- [Problem to work on] For this exercise, return all the data word for word, with images left out.

- [Data shown]

+++++

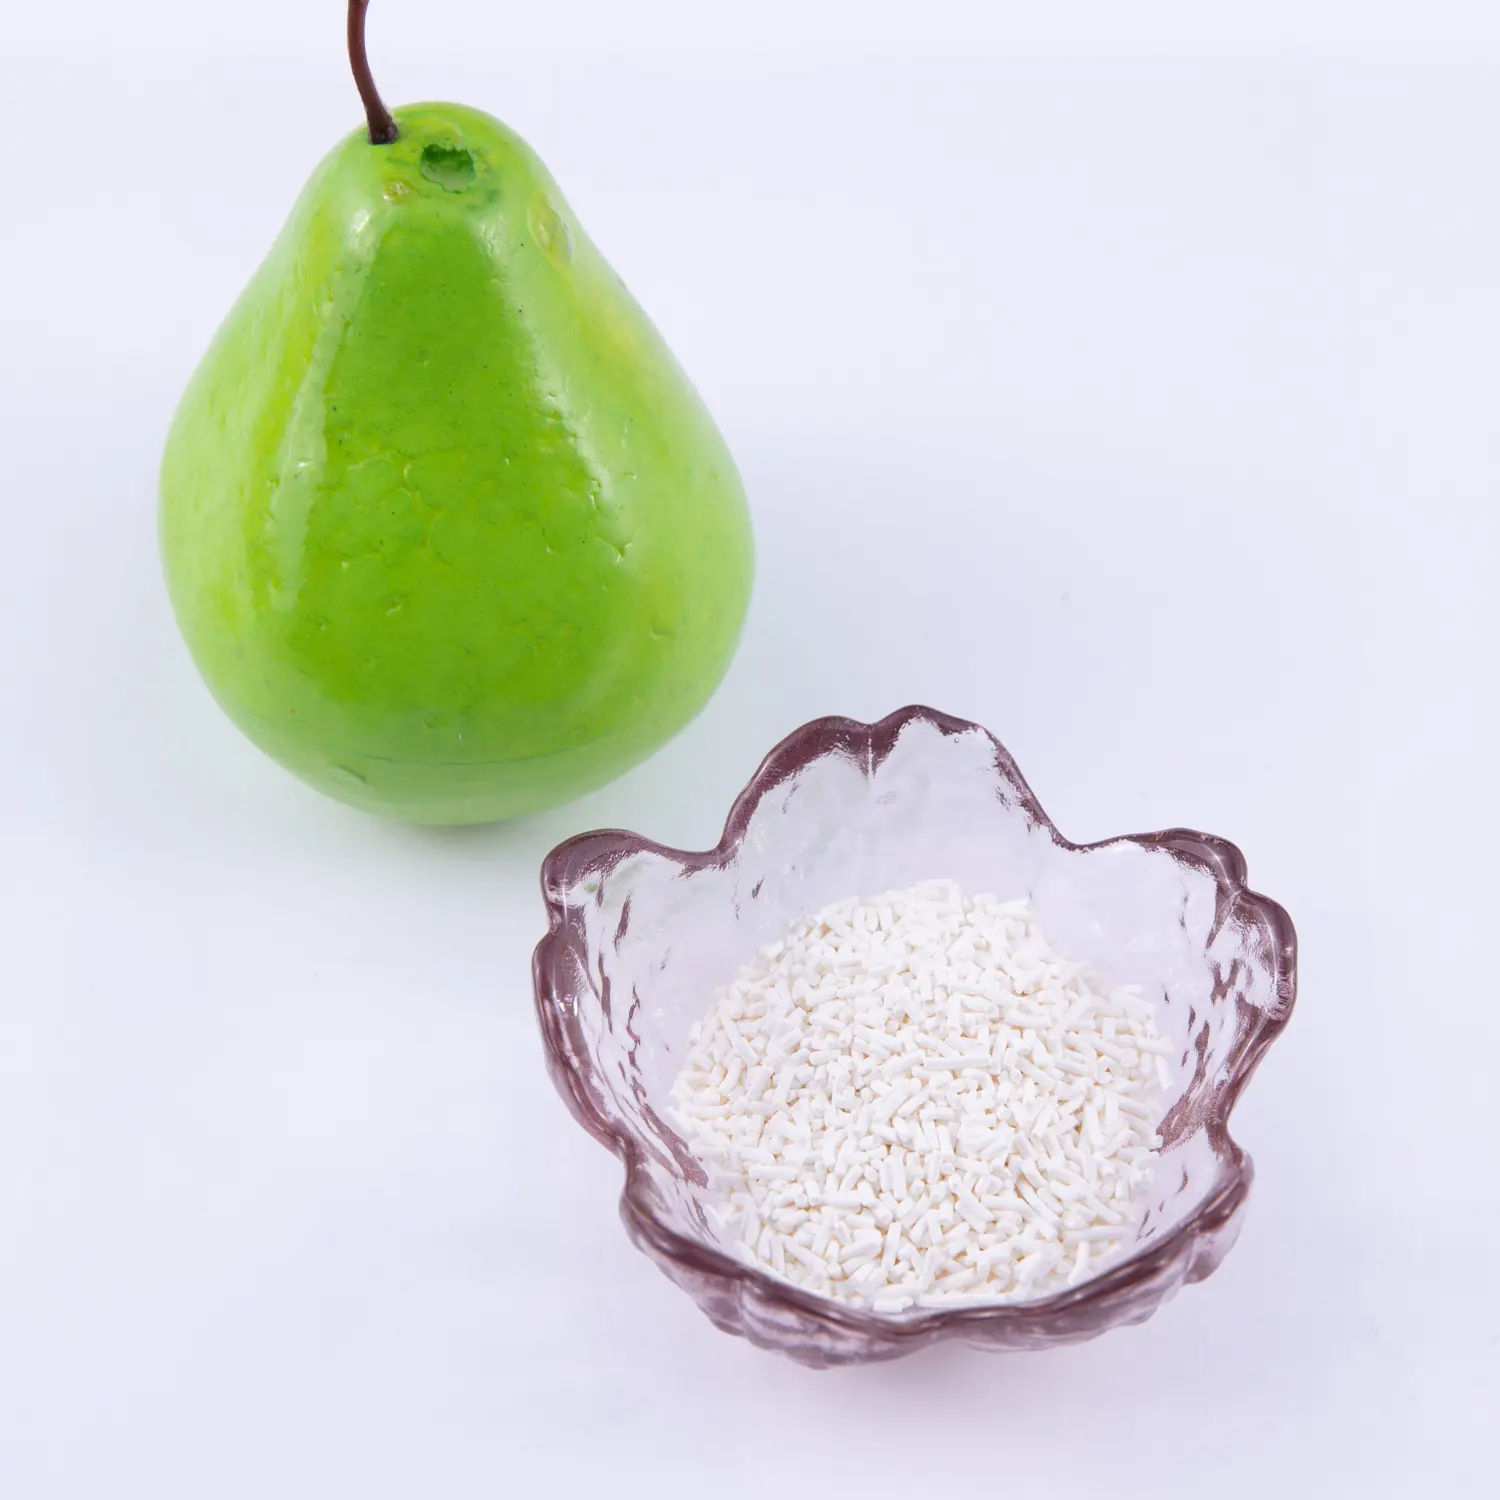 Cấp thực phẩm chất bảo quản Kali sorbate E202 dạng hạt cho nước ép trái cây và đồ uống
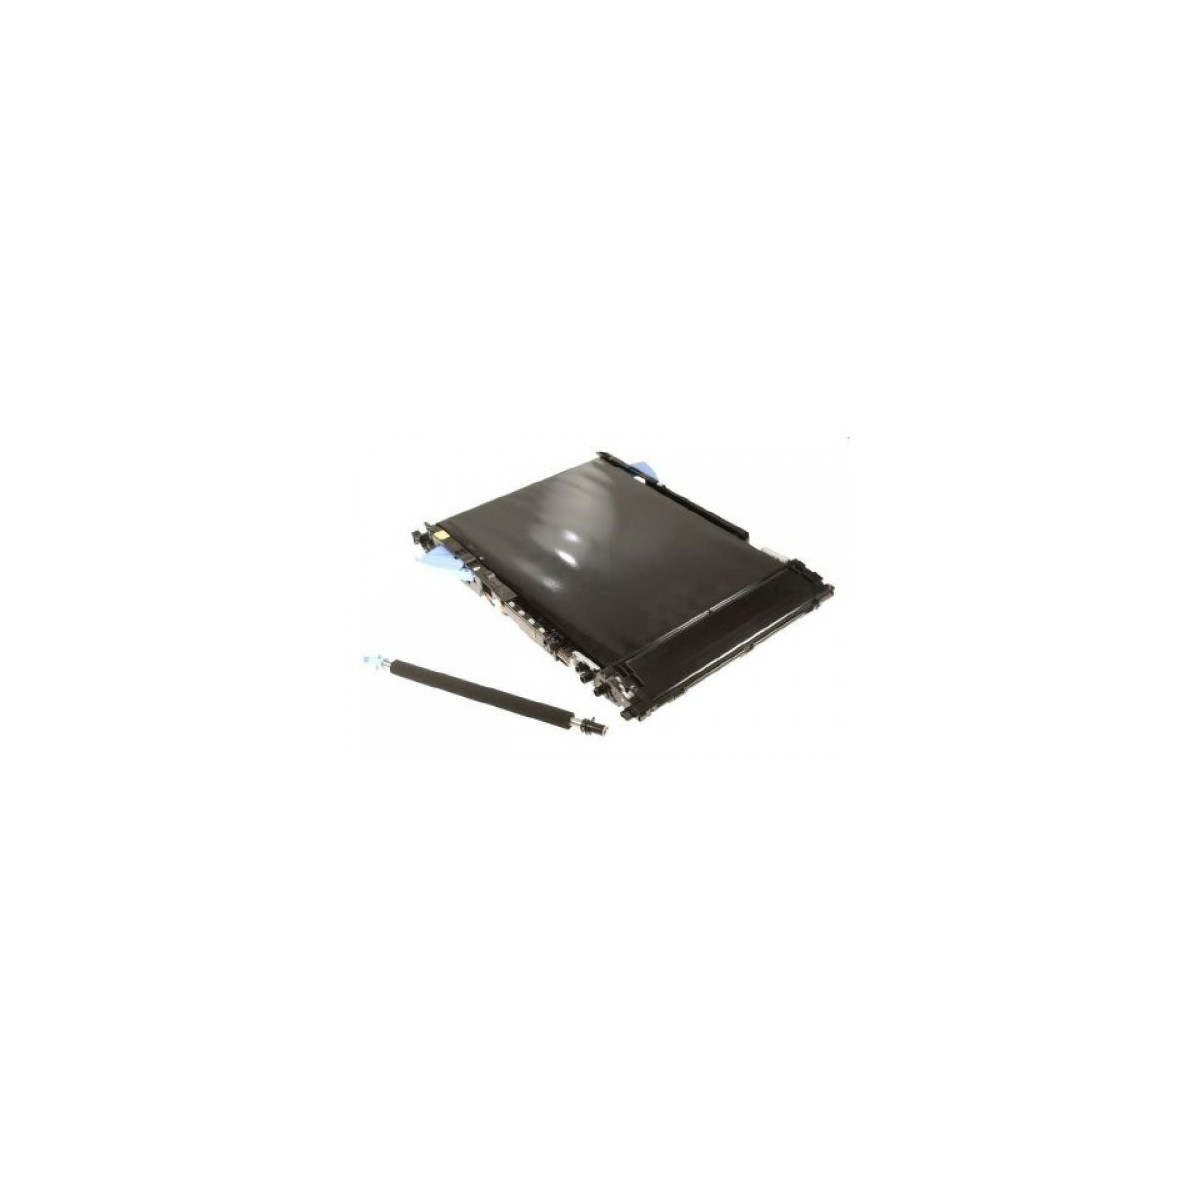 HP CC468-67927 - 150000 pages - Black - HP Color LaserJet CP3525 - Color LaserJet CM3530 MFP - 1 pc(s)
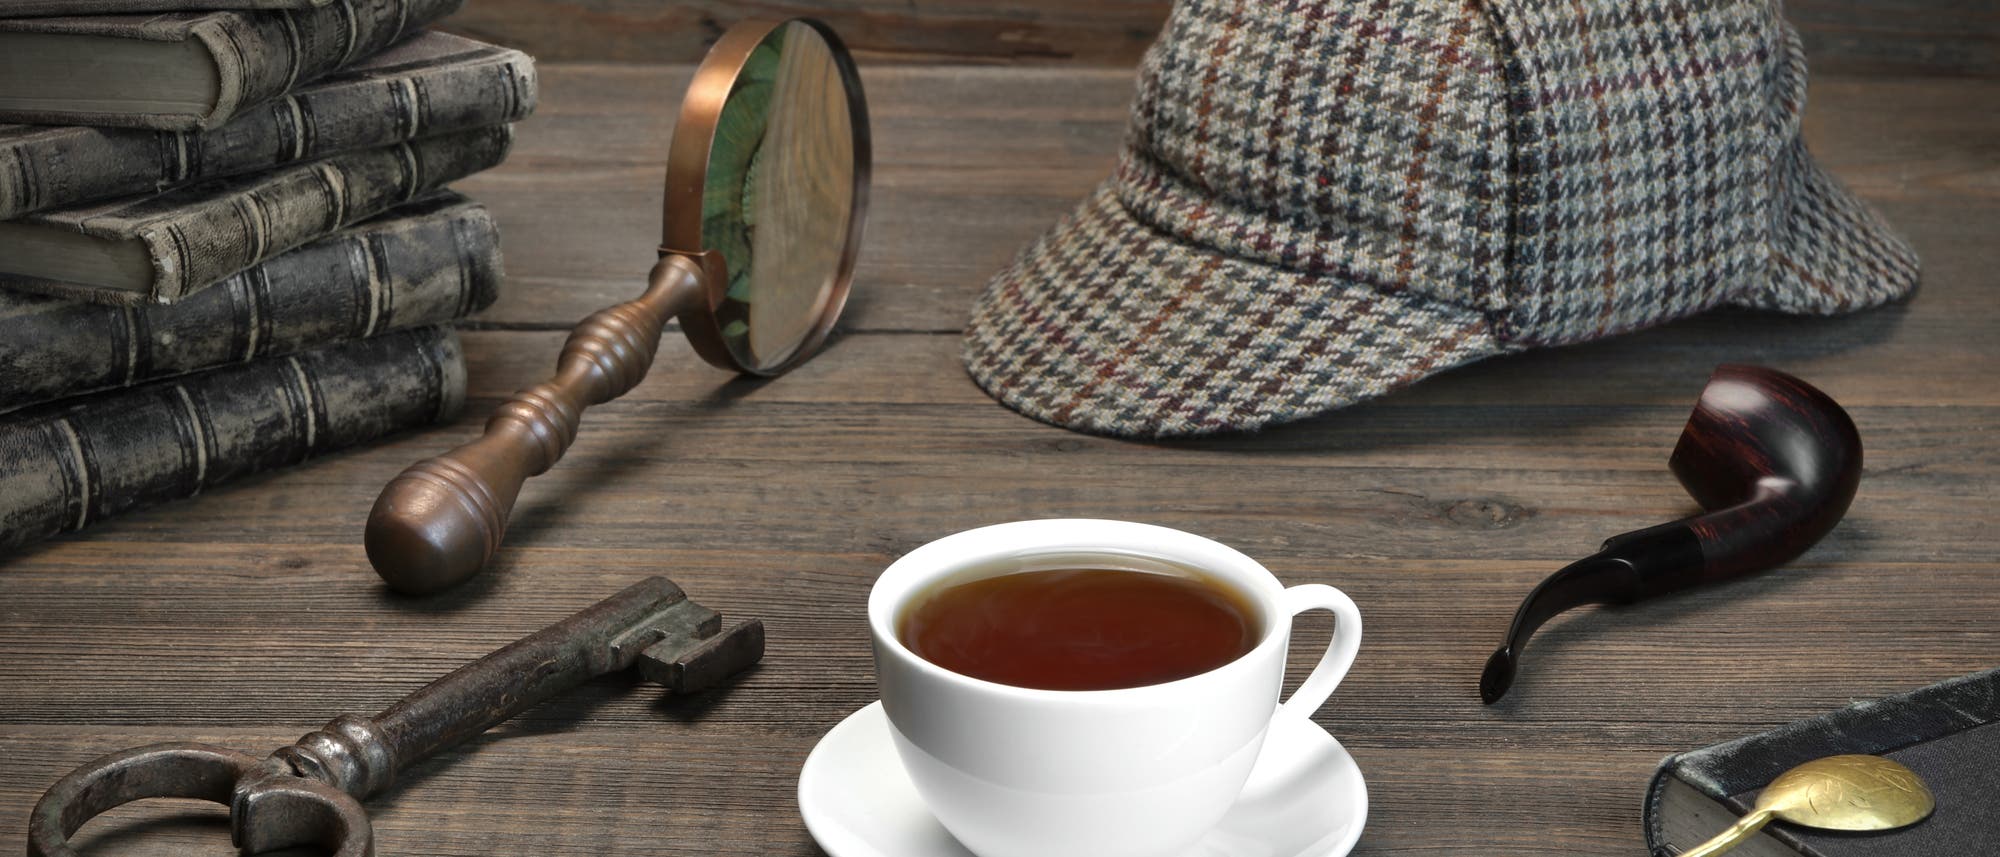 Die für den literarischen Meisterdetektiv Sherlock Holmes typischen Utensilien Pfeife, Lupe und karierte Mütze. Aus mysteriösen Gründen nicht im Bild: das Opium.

+++++

- [Written answer]
 Cấp thực phẩm chất bảo quản Kali sorbate E202 dạng hạt cho nước ép trái cây và đồ uống
 HP CC468-67927 - 150000 pages - Black - HP Color LaserJet CP3525 - Color LaserJet CM3530 MFP - 1 pc(s)
 Die für den literarischen Meisterdetektiv Sherlock Holmes typischen Utensilien Pfeife, Lupe und karierte Mütze. Aus mysteriösen Gründen nicht im Bild: das Opium.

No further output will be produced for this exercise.